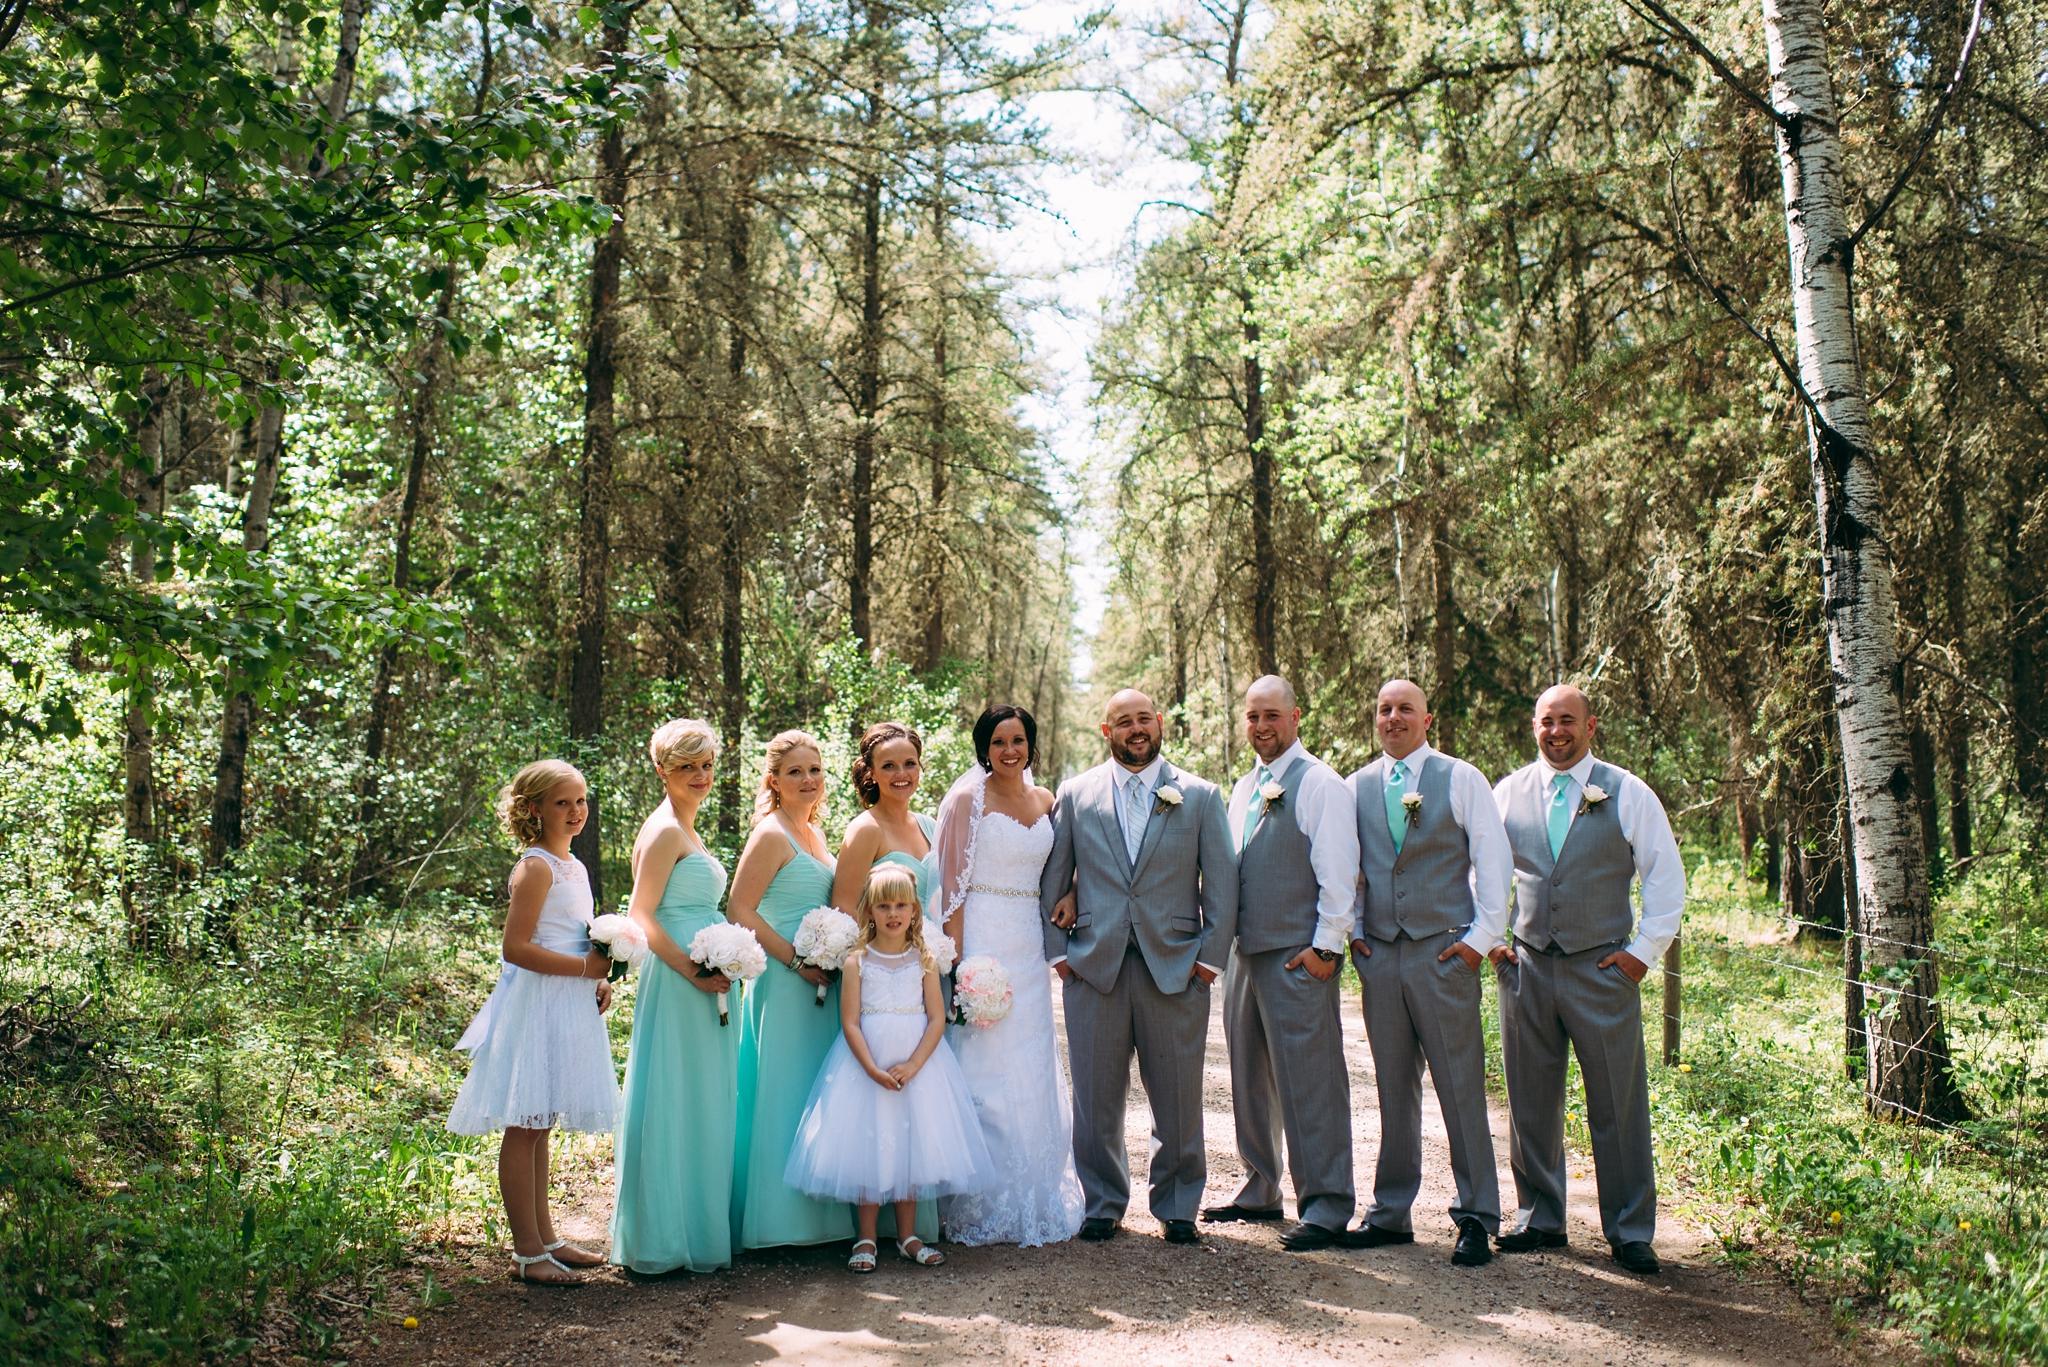 kaihla_tonai_intimate_wedding_elopement_photographer_1528
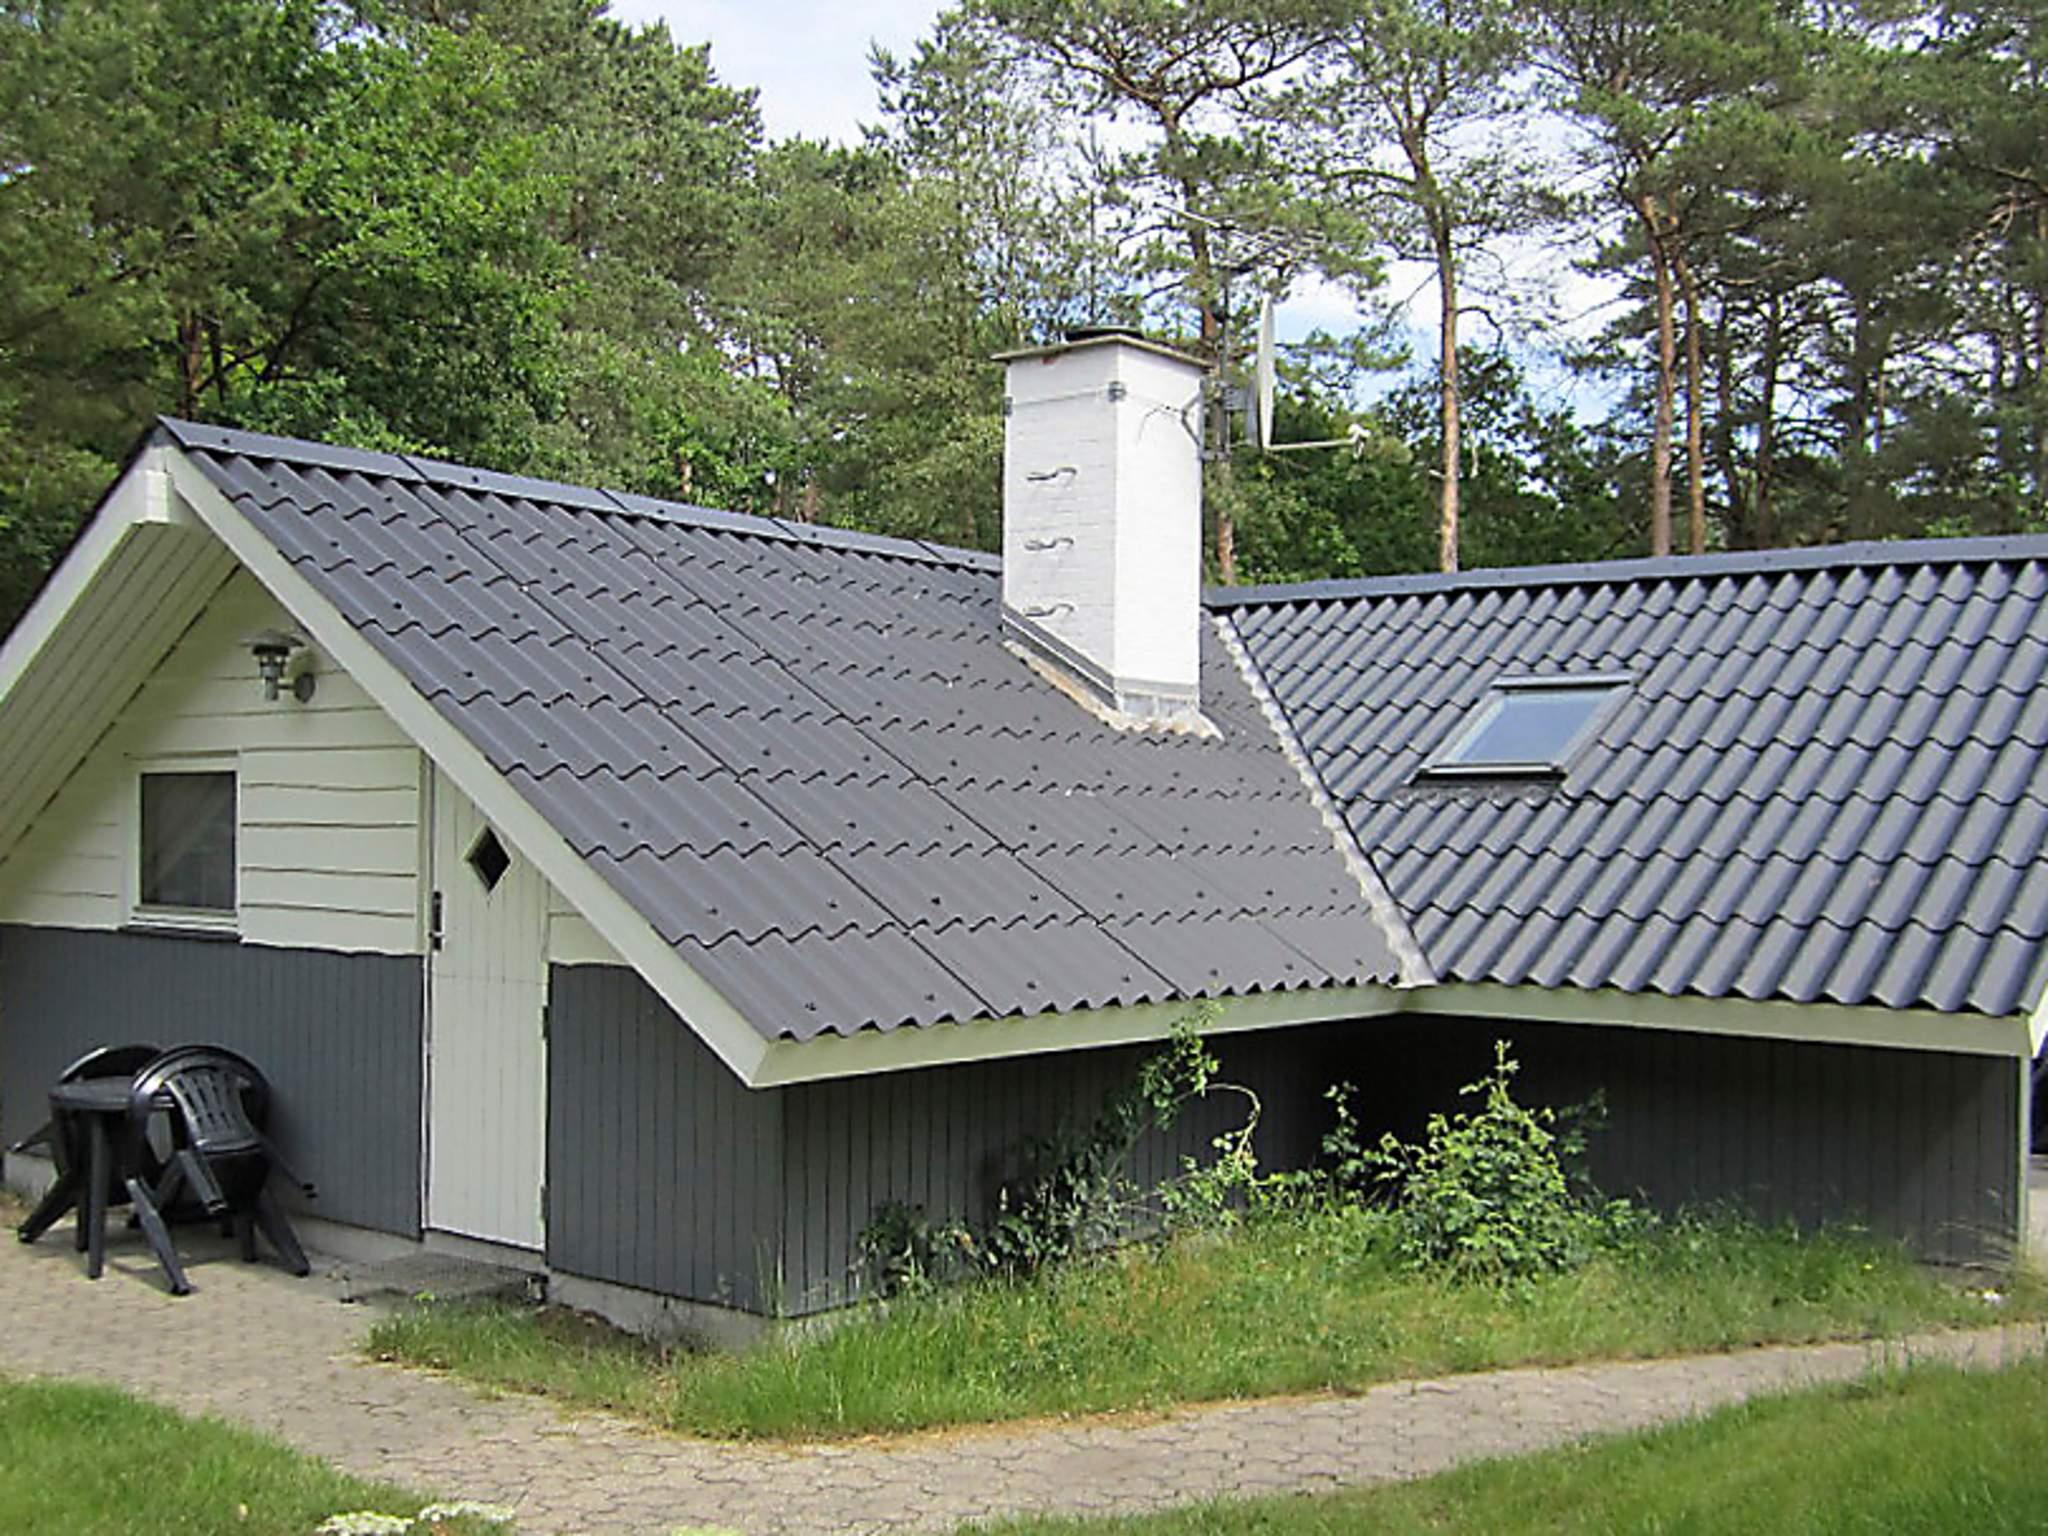 Ferienhaus Hou Nord/Melholt (88048), Hou, , Nordostjütland, Dänemark, Bild 35
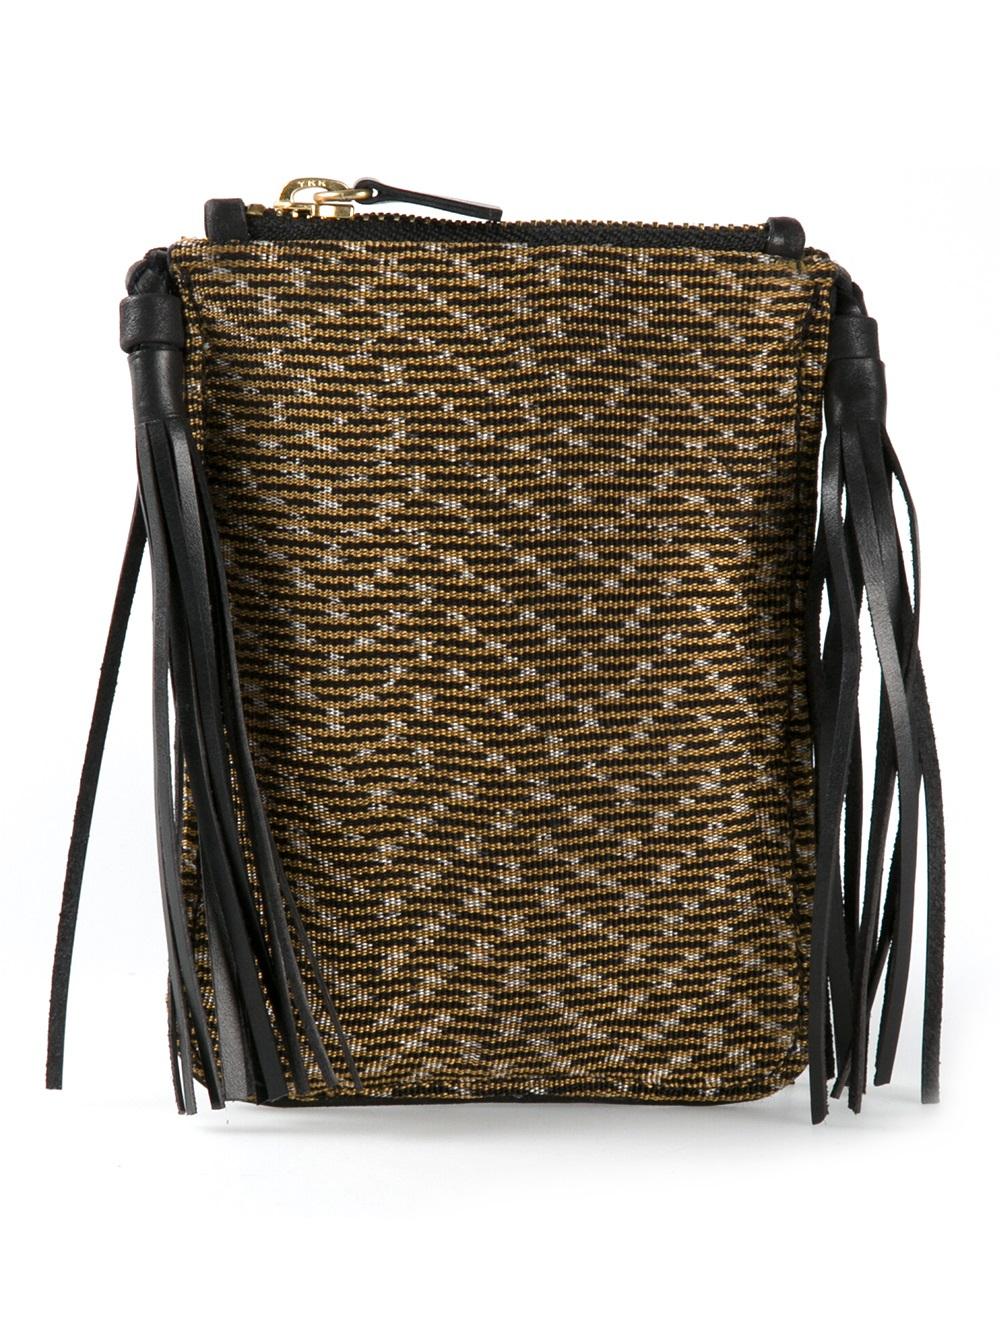 Hacienda Montaecristo 'Liliana' Crossbody Bag in Black

**Exercise prompt**: Take the lines from the one holding "Ferienhaus Hou Nord/Melholt" through the last line of the data above and copy them exactly, both ends included, omitting all pictures.

**Response to the task**:
 Ferienhaus Hou Nord/Melholt (88048), Hou, , Nordostjütland, Dänemark, Bild 35
 Hacienda Montaecristo 'Liliana' Crossbody Bag in Black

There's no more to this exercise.